For the purposes of this Section 6(c), Confidential
Information means any and all information developed by or for the Company or any
of its subsidiaries of which Employee gained knowledge by reason of his
employment by the Company or any of its subsidiaries prior to the date hereof or
during his employment that is not generally known in any industry in which the
Company or its subsidiaries is or may become engaged, but does not apply to
information which is generally known to the public or the trade, unless such
knowledge results from an unauthorized disclosure by Employee. Confidential
Information includes, but is not limited to, any and all information developed
by or for the Company concerning plans, marketing and sales methods, materials,
processes, business forms, procedures, devices used by the Company, its
subsidiaries, suppliers and customers with which the Company had dealt with
prior to Employee's termination of employment with the Company and its
subsidiaries, plans for development of new products, services and
5
expansion into new areas or markets, internal operations, and any trade secrets,
proprietary information of any type owned by the Company and its subsidiaries,
together with all written, graphic and other materials relating to all or any
part of the same. The Company will receive all materials, including, software
programs, source code, object code, specifications, documents, abstracts, and
summaries developed in connection with Employee's employment. Employee
acknowledges that the programs and documentation developed in connection with
Employee's employment with the Company shall be the exclusive property of the
Company, and that the Company shall retain all right, title and interest in such
materials, including without limitation patent and copyright interests. Nothing
herein shall be construed as a license from the Company to make, use, sell or
copy any inventions, ideas, trade secrets, trademarks, copyrightable works, or
other intellectual property of the Company during the term of this Agreement or
subsequent to its termination.
(f) Employee confirms that he is not bound by the terms of any
agreement with any previous employer or other party which restricts in any way
his use or disclosure of information or his engagement in any business, except
as Employee may disclose in a separate schedule attached to this Agreement prior
to Company's and Employee's execution of this Agreement.
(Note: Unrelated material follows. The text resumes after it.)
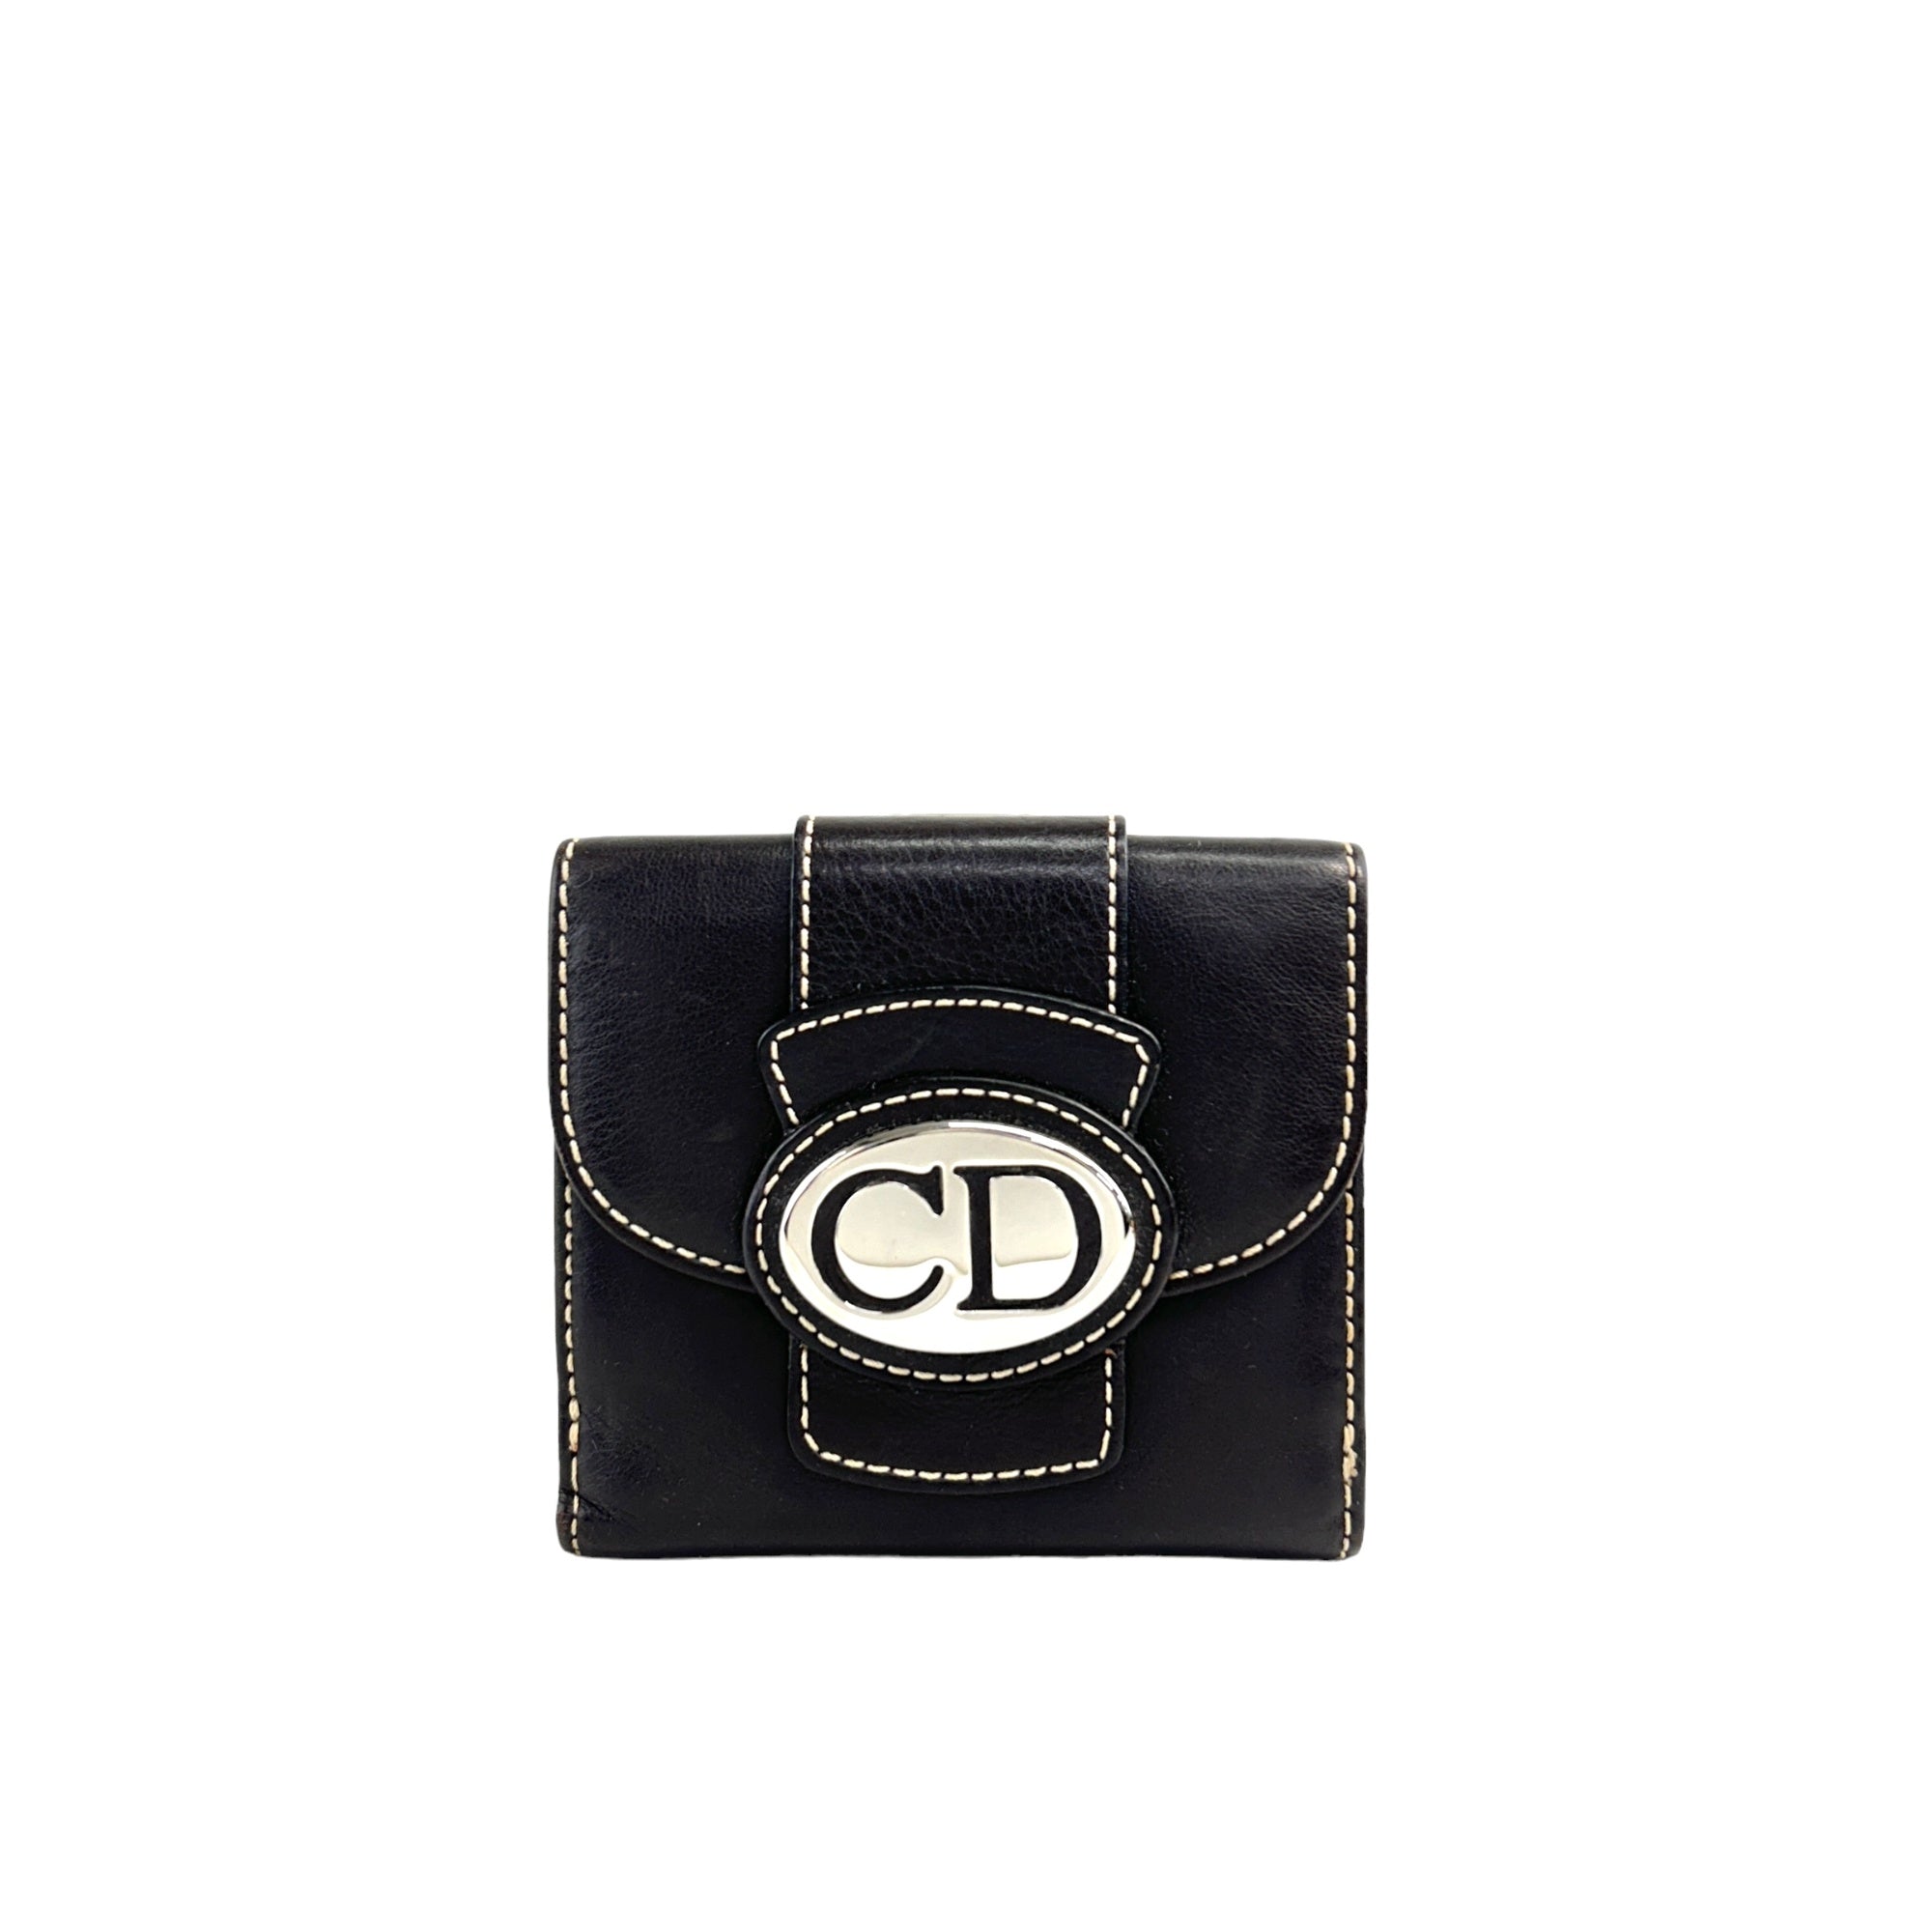 Christian Dior CD Logo Leather Folded Wallet Brown Vintage 8jdhim

Further, Employee
represents that he has delivered to the Company prior to executing this
Agreement true and complete copies of any agreements disclosed on such attached
schedule. Employee represents to the Company that his execution of this
Agreement, employment with the Company and the performance of his proposed
duties for the Company will not violate any obligations Employee may have to any
such previous employer or other party. In any work for the Company, Employee
will not disclose or make use of any information in violation of any agreements
with or rights of any such previous employer or other party, and will not bring
to the premises of the Company any copies or other tangible embodiments of
non-public information belonging to or obtained from any such previous
employment or other party.
(g) INJUNCTIVE RELIEF.
(i) Employee acknowledges and agrees that the covenants and
obligations contained in this Section 6 relate to special, unique and
extraordinary matters and that a violation of any of the terms of this Section
will cause the Company irreparable injury for which adequate remedies at law are
not available. Therefore, Employee agrees that the Company shall be entitled
(without having to post a bond or other surety) to an injunction, restraining
order, or other equitable relief from any court of competent jurisdiction,
restraining the Employee from committing any violation of the covenants and
obligations set forth in this Section 6.
(ii) The Company's rights and remedies under this Section are
cumulative and are in addition to any other rights and remedies the Company may
have pursuant to the specific provisions of this Agreement and at law or in
equity.
7. MISCELLANEOUS.
(a) ATTORNEY'S FEES. In the event a proceeding is brought to enforce or
interpret any part of this Agreement or the rights or obligations of any party
to this Agreement, the non- prevailing party shall pay the prevailing party's
fees and expenses, including reasonable attorney fees, unless the court or panel
of arbitrators determine otherwise.
(b) SUCCESSORS AND ASSIGNS. This Agreement and the benefits hereunder
are personal to the Company and are not assignable or transferable by the
Employee without the written consent of the Company. Subject to the foregoing,
this Agreement shall be binding upon and inure to the benefit of the Company and
the Employee and the Employee's heirs and legal representatives, and the
Company's successors and assigns.
6
(c) GOVERNING LAW. This Agreement shall be construed in accordance with
and governed by the law of the State of Florida, without regard to the
application of principles of conflict of laws.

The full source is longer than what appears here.